Compared with previous studies of TTS caused by real-world noise exposures, our ΔPTA values were similar to those measured in the last two decades (Kim et al., 2005; Howgate and Plack, 2011) but lower than those measured earlier (15–37 dB; Axelsson and Lindgren, 1978; Drake-Lee, 1992; Jerger and Jerger, 1970; Rupp and Koch, 1969; Tin and Lim, 2000; Ulrich and Pinheiro, 1974). Stricter noise-control regulations and greater awareness of the dangers of excessive noise in recent years may explain the trend for lower TTS over time. Mean ΔOAE was −2.75 dB, which is comparable with Iliadou et al. (2024) but smaller than some earlier studies reporting ΔOAE after loud music exposure (Kim et al., 2005; Vinck et al., 1999).
There were robust effects of concert exposure on tinnitus, with most participants reporting an increase in tinnitus following the concert and none reporting a decrease. Formal analysis of the relationship between ΔPTA and ΔTinnitus was not conducted, but data visualization suggests that large PTA shifts (>20 dB) were sufficient but not necessary for large shifts in tinnitus (see Figure 3B).
4.2 Effects of prior “conditioning” noise exposure
As discussed in the Background, extensive animal data support protective effects of sound conditioning. Direct exploration of conditioning effects in humans was conducted by Miyakita et al. (1992). Findings indicated that 6 h of daily exposure to music at 70 dB SPL lessened the TTS induced by subsequent traumatic exposures (effect size ~6–8 dB at 3–5 kHz), though toughening of the cochlea by repeated traumatic exposures may also have played a role. The present study design was based on the notion that individuals with limited day-to-day exposure might face heightened risk when encountering a one-off high-intensity event like a loud concert.
The current analysis revealed a non-significant trend toward smaller TTS in individuals with higher energy of noise exposure over the preceding 10 weeks (p = 0.10, two-tailed). When extrapolated across the observed Noise10week range (~0 to 1.2), this trend corresponds to an estimated 7 dB reduction in ΔPTA from the least- to the most-exposed participants. Although our pre-registered hypothesis was directional, we opted for a two-tailed test to maintain a conservative approach; had we used a one-tailed test, the result would have approached statistical significance.
Of course, this non-significant trend may simply reflect sampling variability rather than a true conditioning effect. Nonetheless, several alternative explanations warrant consideration, particularly given issues of statistical power and reliance on self-report exposure data (see Section 4.4 below).
4.3 Effects of sex and skin tone
The study's results in relation to skin tone do not support protective effects of melanin on susceptibility to TTS, despite prior evidence in both animals and humans. Indeed, darker skin tone corresponded to greater TTS, on average, though results were non-significant. Of course, the predictor variable was not a direct measure of cochlear melanin, and the study instead relied on a proxy: a potentially less accurate self-report measure of skin tone. However, this proxy measure, assessing the skin's reaction to sun exposure, exhibits good internal consistency and construct validity (Fasugba et al., 2014) and has previously been shown to relate to human susceptibility to TTS (Barrenäs and Lindgren, 1990) and PTS (Lin et al., 2012).
Results in relation to sex were more consistent with pre-registered hypotheses. Females exhibited, on average, roughly 3 dB smaller TTS than males—a meaningful difference, given the cohort's mean TTS of 12.5 dB. However, as with the conditioning effect discussed above, this sex effect fell short of statistical significance. As with the conditioning trend, it remains unclear whether this pattern reflects genuinely heightened susceptibility in males or merely sampling variability compounded by limited power and measurement imprecision (see Section 4.4 below).

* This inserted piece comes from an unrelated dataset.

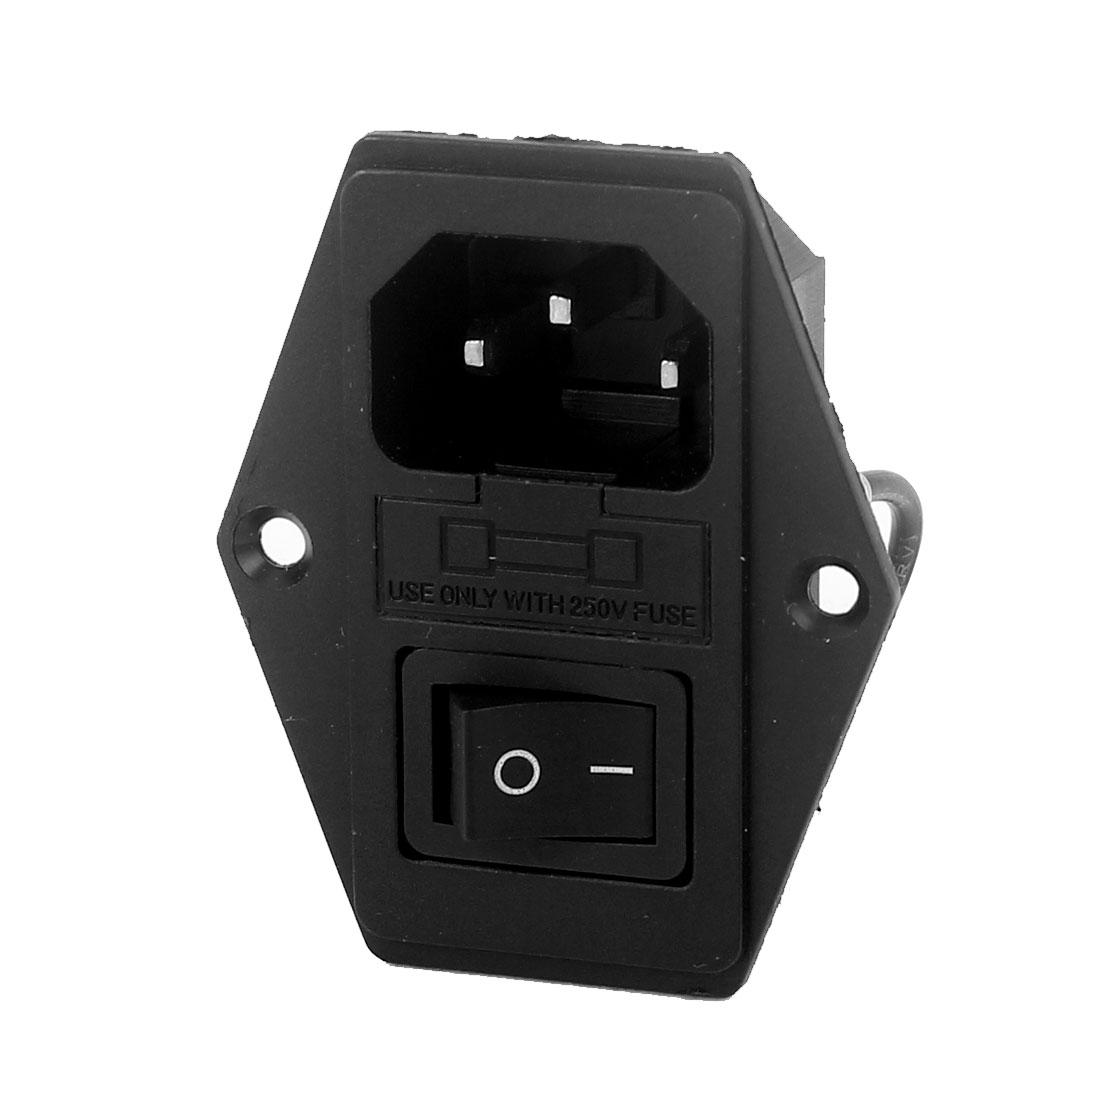 AC 250V 10A SPDT IEC320 C14 Rocker Boat Switch Fuse Power Inlet Socket

4.4 Study limitations and solutions
Results of the study should be interpreted in light of a number of methodological limitations. Foremost is statistical power. Trends were observed in the expected directions in relation to sex and prior noise exposure, but these did not achieve statistical significance. Post hoc power analysis indicates that a sample size of ~200 would be sufficient to detect either effect with 80% power at an alpha of 0.05, if the effect is of the magnitude observed in the present study and the range of noise exposures similar to those reported here.

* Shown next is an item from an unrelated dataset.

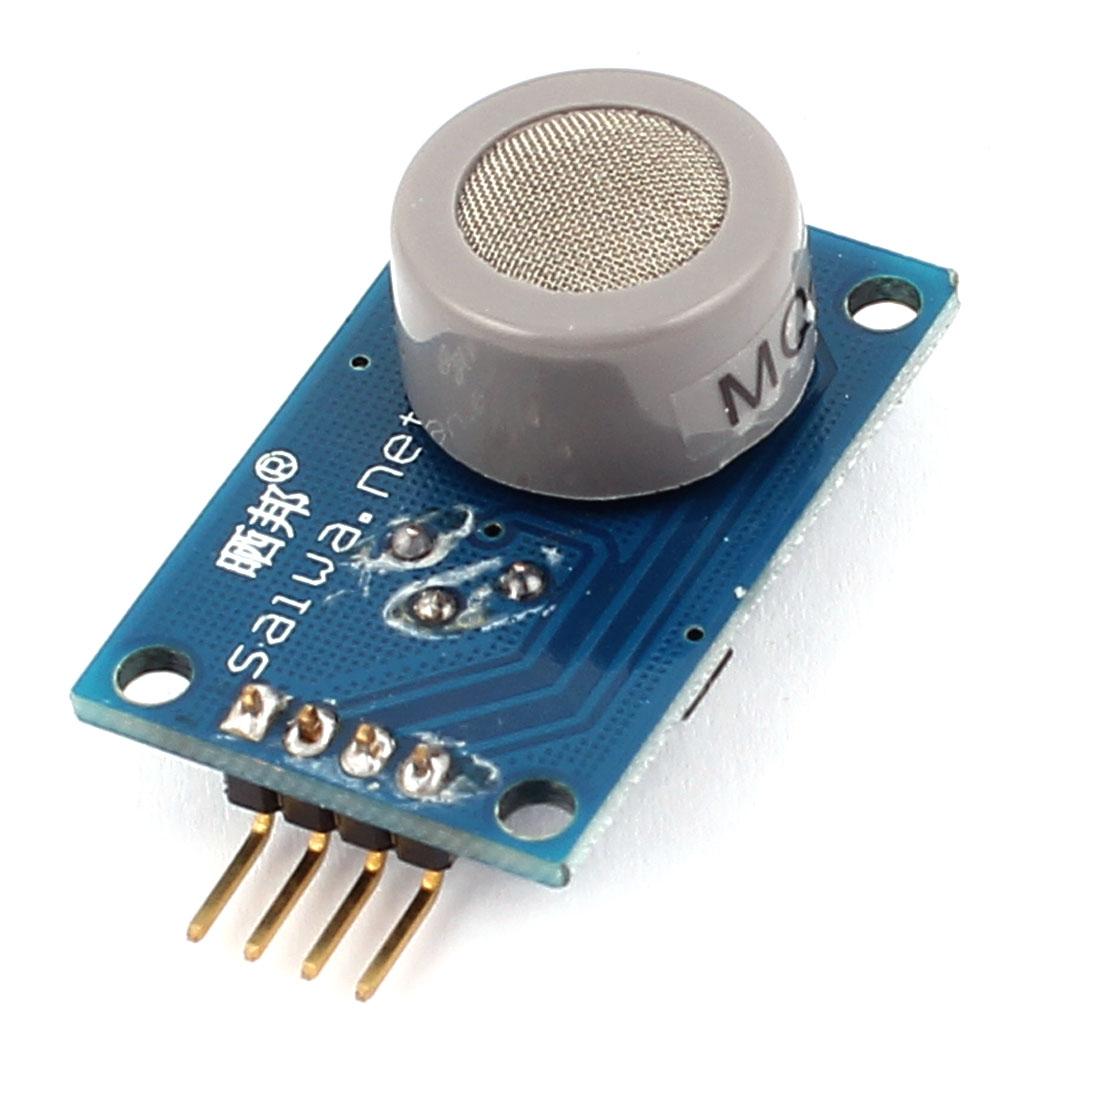 DC 3-5V Carbonic Oxide Gas Sensor Alarm Module Detector MQ-9

Undermining the effective power of the study was variability in the energy of concert noise exposures, adding “noise” to the TTS data. Unlike controlled animal models where noise exposure can be manipulated precisely, TTS in our study was driven by a range of concert exposures, varying in level and duration. This variability was likely driven not only by differences in output levels of venue loudspeakers, but also distance of the listener from the loudspeakers and room acoustics (none of which were measured in the present study). Self-report data on concert level and duration were combined into estimates of concert noise-exposure energy, included in the analysis model to control for these nuisance factors. In practice, our self-reports of these parameters were likely too imprecise to fully statistically control. In regression terms, this inflated the error term and attenuated the effects of conditioning noise exposure and sex (biasing them toward zero), which in turn reduced the effective power.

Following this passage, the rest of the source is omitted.